Hoy te vas a dejar de mariconadas. La frase de papá sonó por encima de Los Trogloditas y de Loquillo. Apareció apoyado en el quicio de la puerta, con las manos metidas en el barbour y una gorra de cuadros puesta a conciencia. Bien encajada. El chico bajó el Víbora y apartó la mirada un momento de la revista que leía tumbado en la cama. Quita eso y vístete con algo decente, que nos vamos. Y se fueron.

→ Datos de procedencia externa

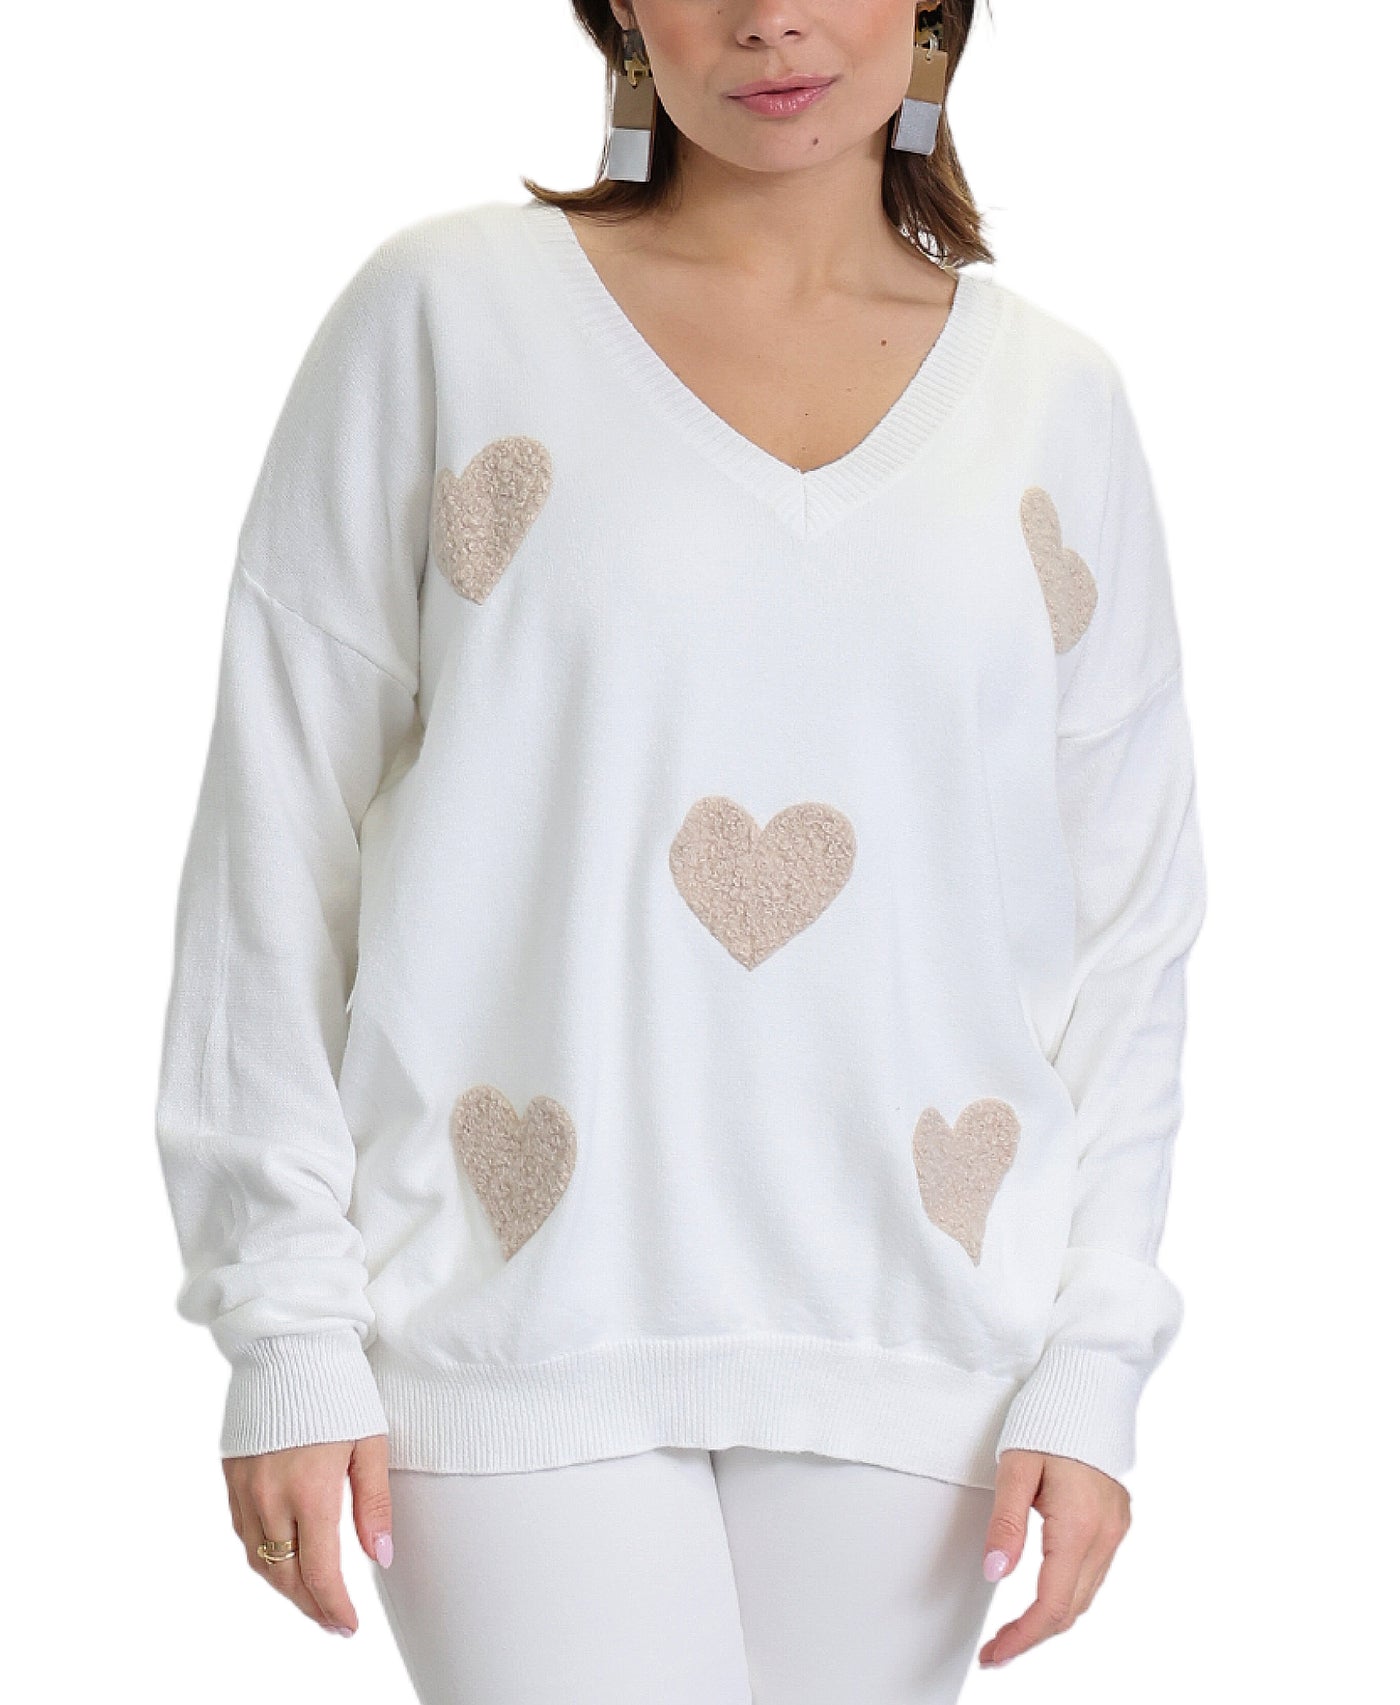 Sweater w/ Hearts image 1

El pantalón de pitillo ajustado se convirtió en uno de pana gorda. En septiembre todavía hacía calor, pero "era lo suyo". Las camisetas anchas, las hombreras y los colorines se quedaron pasando la tarde en el armario y, sin embargo, la estúpida camisa gris de la percha, llena de botones elitistas que se agarraban al hojal con extrema firmeza, se ajustó al pecho -cada vez más velludo- del adolescente que seguía medio adormilado, después de uno de sus primeros días de COU.
Cómo odiaba esas imposiciones, cómo odiaba ese ambiente al que iba. Trajes de chaquetas, corbatas, perlas, peinetas y alfileres. En Córdoba no se vestían nunca de esa manera tan incómoda, ¿por qué para los toros había que ir así? Estaba deseando llegar a la plaza y que no hubiera espectáculo. Al carajo, dicen los toros que no salen. Se plantan. Pobres bestias. Ojalá salieran todos, pero a la vez. Y empezaran a saltar la barrera para empitonar al público tan bien puesto y preparado. Ojalá en la primera banderilla el toro suelte un "¡Tus muertos cortijeros!". Ojalá cojan de frente al torero y lo enganchen de la ingle. Pimba. Al puesto de socorro. Ojalá aquello fuera una sangría. Ojalá... Grrr. Gruñía. Mirando por el cristal de la ventanilla, solo tenía pitones afilados en su mente. Sangre. Refunfuñaba. Se removía en el asiento del coche. Pero allí seguía con su padre, camino de Pozoblanco para ver a Paquirri.